Insider trading inside the beltway.

AuthorBainbridge, Stephen M.
PositionGovernment employees and legislators trading with nonpublic knowledge
  1. INTRODUCTION II. CURRENT LAW A. The Doctrinal Sources of the Insider Trading Prohibition B. The Classical Theory 1. The Legal Standard 2. Application to Members of Congress and Other Government Employees C. The Misappropriation Theory 1. The Legal Standard 2. Application to Members of Congress and Other Government Employees D. Summation III. POLICY A. Should Members of Congress be Allowed to Inside Trade? 1. Perverse Incentives 2. Unfairness 3. Summary B. Who Should Enforce the Prohibition? 1. A Constitutional Barrier? 2. Prudential Considerations IV. THE STOP TRADING ON CONGRESSIONAL KNOWLEDGE ACT A. The Prohibition on Trading and Tipping B. Reporting Provision V. CONCLUSION A 2004 study of the results of stock trading by U.S. senators during the 1990s found that senators on average beat the market by 12% a year. In sharp contrast, U.S. households on average underperformed the market by 1.4% a year and even corporate insiders on average beat the market by only about 6% a year during that period.

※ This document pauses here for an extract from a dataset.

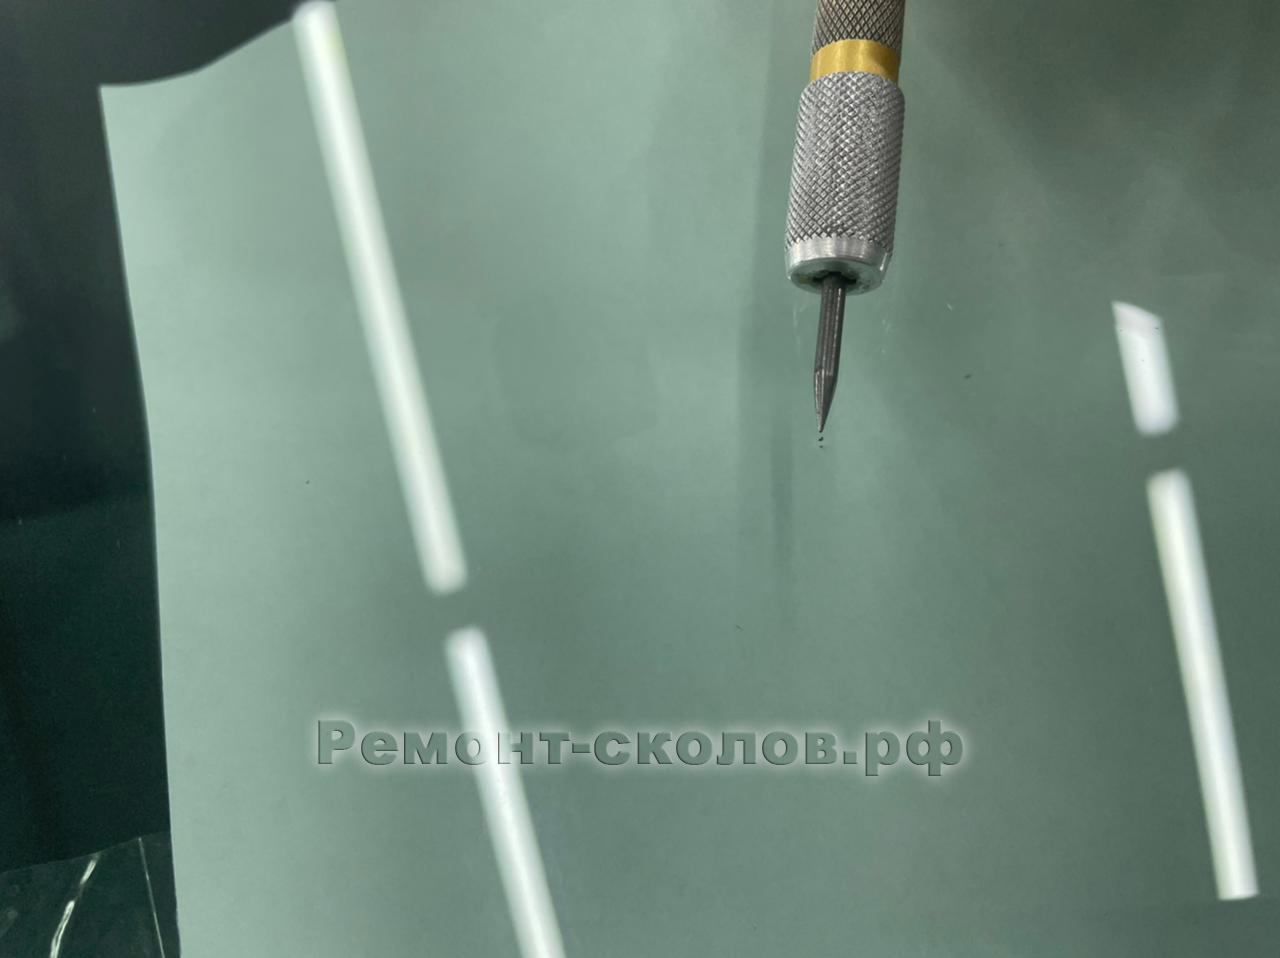 Skoda ремонт скола на лобовом стекле в ЮЗАО

A reasonable inference is that some senators had access to--and were using--material nonpublic information about the companies in whose stock they trade. Under current law, it is unlikely that members of Congress can be held liable for insider trading. The proposed Stop Trading on Congressional Knowledge (STOCK) Act addresses that problem by instructing the Securities and Exchange Commission to adopt rules intended to prohibit such trading.

    This Article analyzes present law to determine whether members of Congress, congressional employees, and other federal government employees can be held liable for trading on the basis of material nonpublic information. It argues that there is no public policy rationale for permitting such trading and that doing so creates perverse legislative incentives and opens the door to corruption. The Article explains that the Speech or Debate Clause of the U.S. Constitution is no barrier to legislative and regulatory restrictions on congressional insider trading. Finally, the Article critiques the current version of the STOCK Act, proposing several improvements.


    The common stock investment portfolios of U.S. senators beat the market by 12% a year, on average, between 1993 and 1998, according to a study by economist Alan J. Ziobrowski and his collaborators. (1) In sharp contrast, the common stock investment portfolios of U.S. households as a whole underperformed the market on average by 1.4% a year during the relevant period. (2) Even more striking, corporate insiders investing in their own company's stock only beat the market by about 6% a year on average during that period. (3)

    The Ziobrowski study's results strongly imply that some members of Congress are using nonpublic information to make trading decisions. Over time, even professional investors do not systematically beat the market. (4) This basic premise of efficient capital markets theory has been confirmed by many academic studies. (5) The only important exception to the rule is corporate insiders trading in their own corporation's stock. (6) The obvious and generally accepted explanation for insiders' ability to beat the market is their access to and use of material nonpublic information about their company. (7)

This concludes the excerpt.